Латиклавий — один из шести военных трибунов, старших офицеров легиона. Молодые люди из семей сенаторов, не имевшие военного опыта, годичной службой в качестве трибунов-латиклавиев начинали свою карьеру. Остальные пять трибунов назывались ангустиклавиями и происходили из сословия всадников. Обычно они были старше и опытнее своего коллеги.
Присутствие юного Гентиана не просто в свите императора, а в его ближнем кругу, среди немолодых и заслуженных людей, было почвой для самых разнообразных пересудов. Изучение и пресечение коих, кстати, по причине касательства персоны Августа, входило в сферу прямых обязанностей Марциала. Многие объясняли невиданное расположение императора к юноше тем, что отец Гентиана, сенатор Скавриан — давний друг и соратник Траяна. Они почти земляки, Скавриан — уроженец Нарбоннской Галлии. Траян всегда благоволил ему и, учитывая, что именно Децим Скавриан уже три месяца как назначен наместником новообразованной провинции Дакия, присутствие его сына в императорском претории выглядело вполне естественно.

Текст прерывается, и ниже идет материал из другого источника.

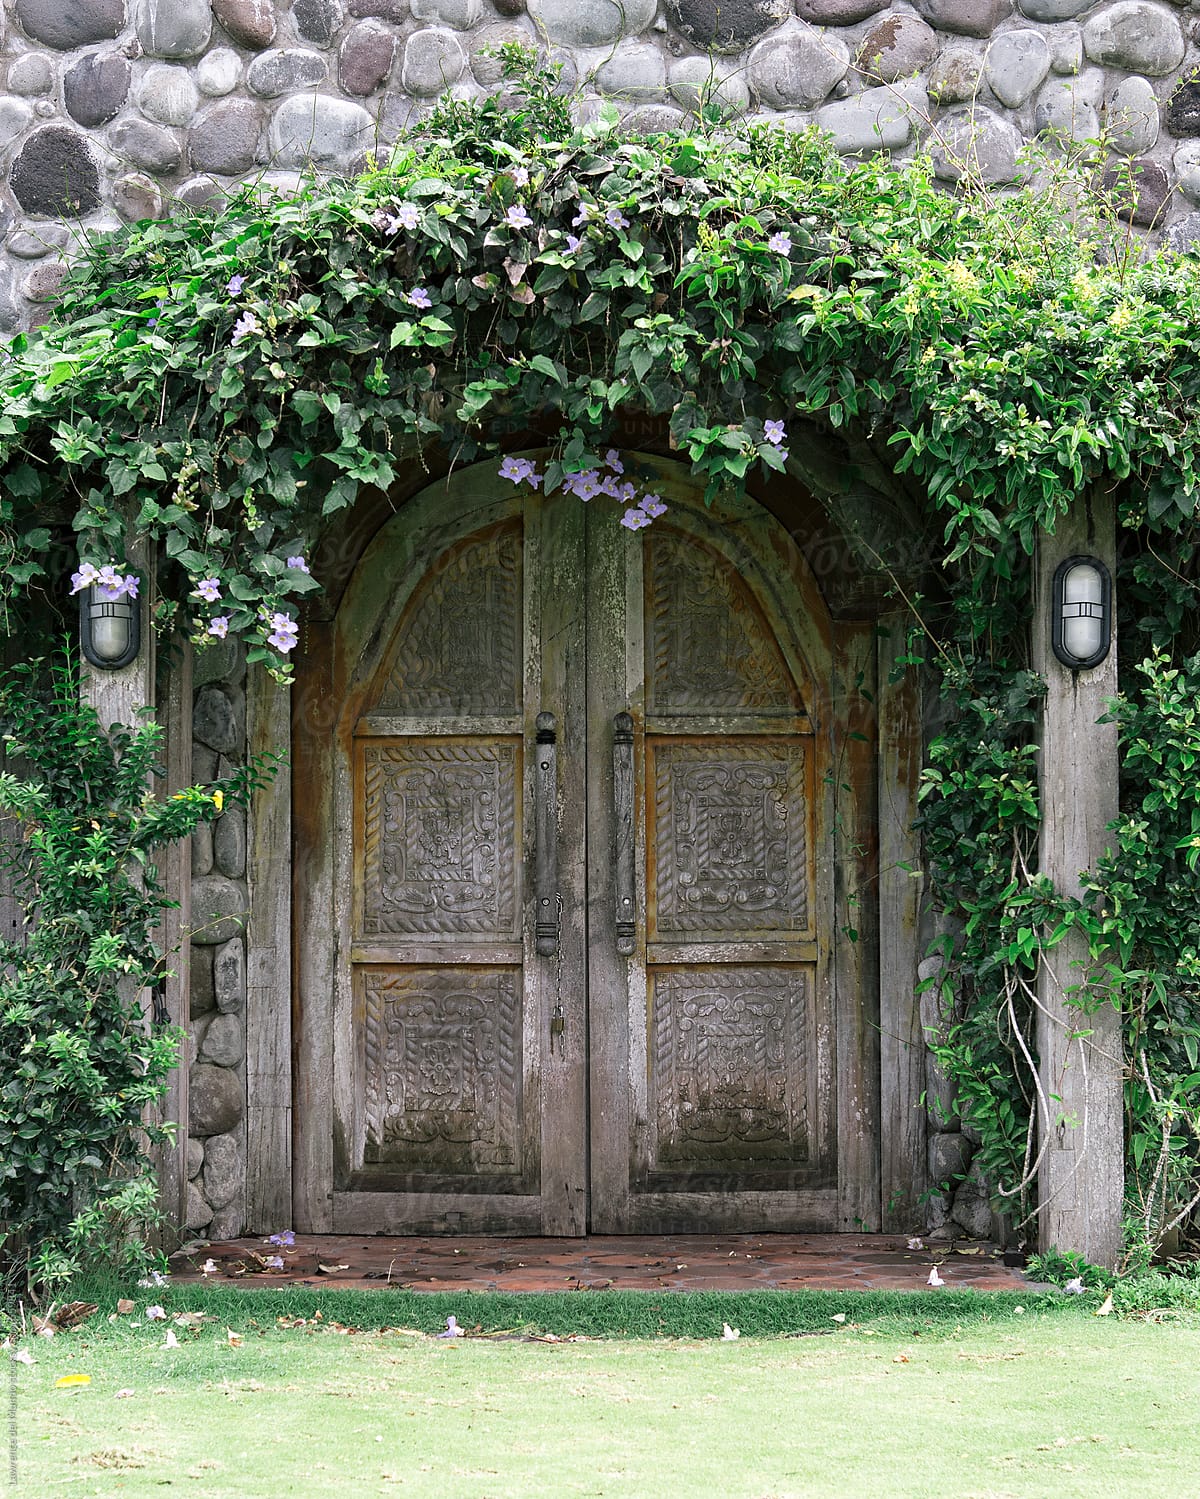 Vines and flowers adorn a wooden door main entrance of a chapel on a hill

Но это с какой стороны посмотреть. Августа окружали многие отпрыски знатнейших семейств, но вот на совет легатов приглашался далеко не каждый юнец-латиклавий, военный опыт которого исчезающе мал.
Адриана это обстоятельство весьма настораживало. Он был ближайшим родичем Траяна, если считать лишь мужчин, и привык думать, что имеет наивысшие шансы унаследовать титул Августа. Конечно, хватало и других кандидатов в преемники, что не добавляло Адриану душевного спокойствия, но прошлогоднее появление в свите цезаря этого юноши заставило Публия заволноваться всерьёз.

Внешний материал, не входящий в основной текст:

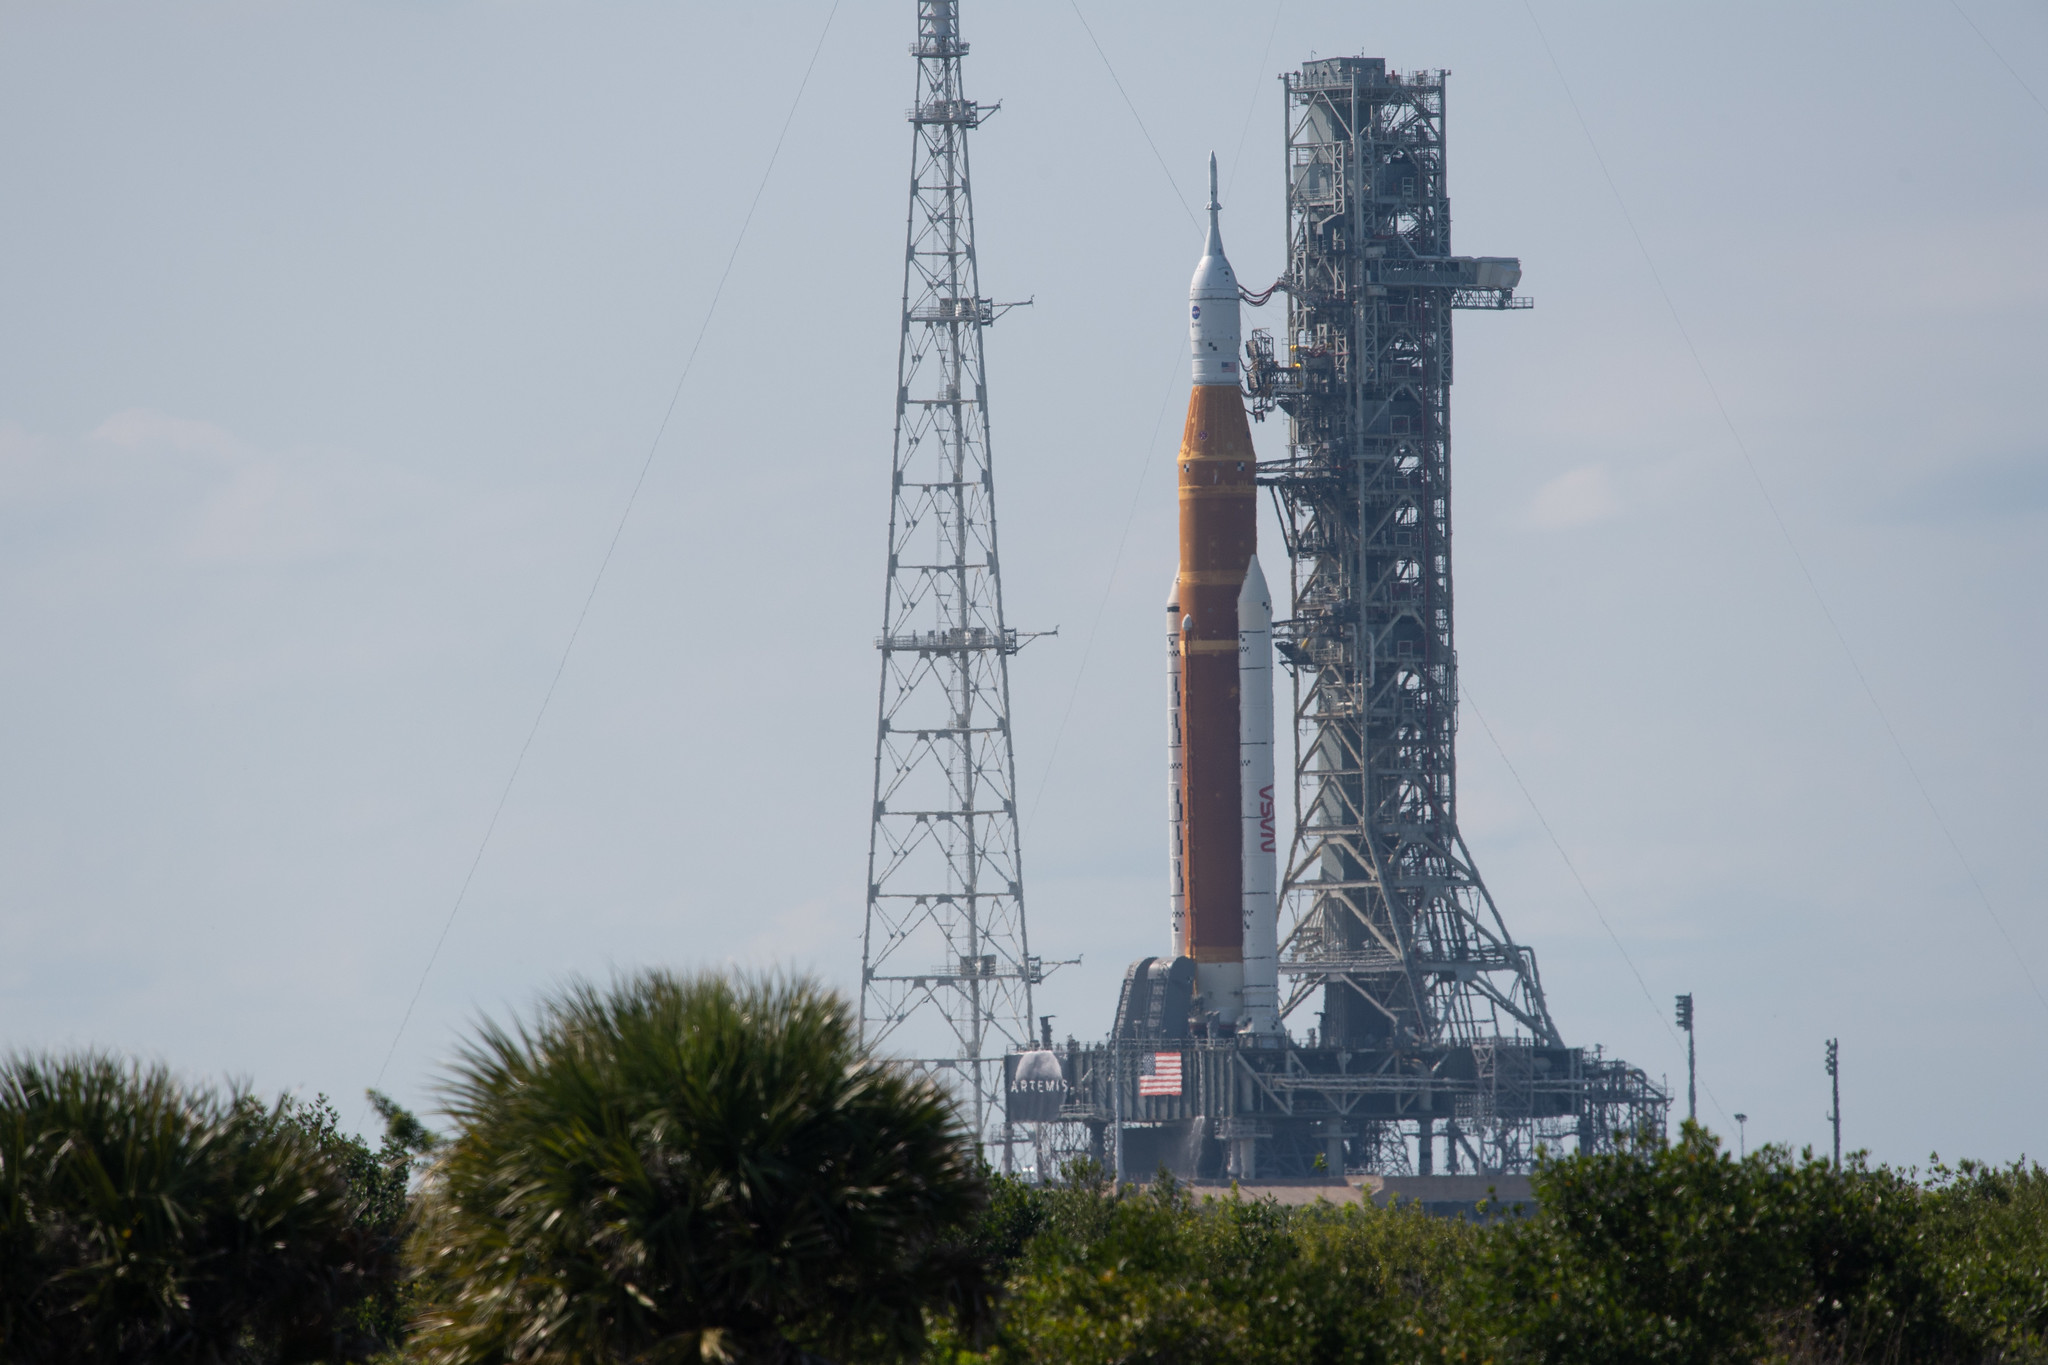 NASA’s Space Launch System (SLS) rocket with the Orion spacecraft aboard is seen atop a mobile launcher at Launch Complex 39B, Monday, April 4, 2022.

— Для идиотов, конечно, нет разницы, кто командует варварами, — сказал Адриан, стараясь, чтобы голос звучал как можно безразличнее, — вождь северян, прежде не видевший ни одного римлянина, или два опытных волчары, успешно дравшихся с нами ещё при Домициане. Не все ли равно?
Гентиан поджал губы.
— Надо вызвать Бицилиса и расспросить!
— Можно и вызвать, — спокойно ответил Марциал, — только вряд ли он скажет что-то новое.
— И все же, Гай, Децим прав, — сказал император, — надо использовать все возможности по сбору сведений о противнике.
— Будет исполнено, Август, — слегка наклонил голову Марциал.
Адриан чуть скривил губы, правда никто этого не заметил — Публий не брил бороды. Так он скрывал уродливый шрам на лице, полученный на охоте. Злые языки поговаривали, что он прячет бородавки. За бороду, а также любовь к сочинениям эллинских поэтов и философов, сестра цезаря, увы, покойная ныне Ульпия Марциана ласково, но за глаза, называла Публия «гречонком».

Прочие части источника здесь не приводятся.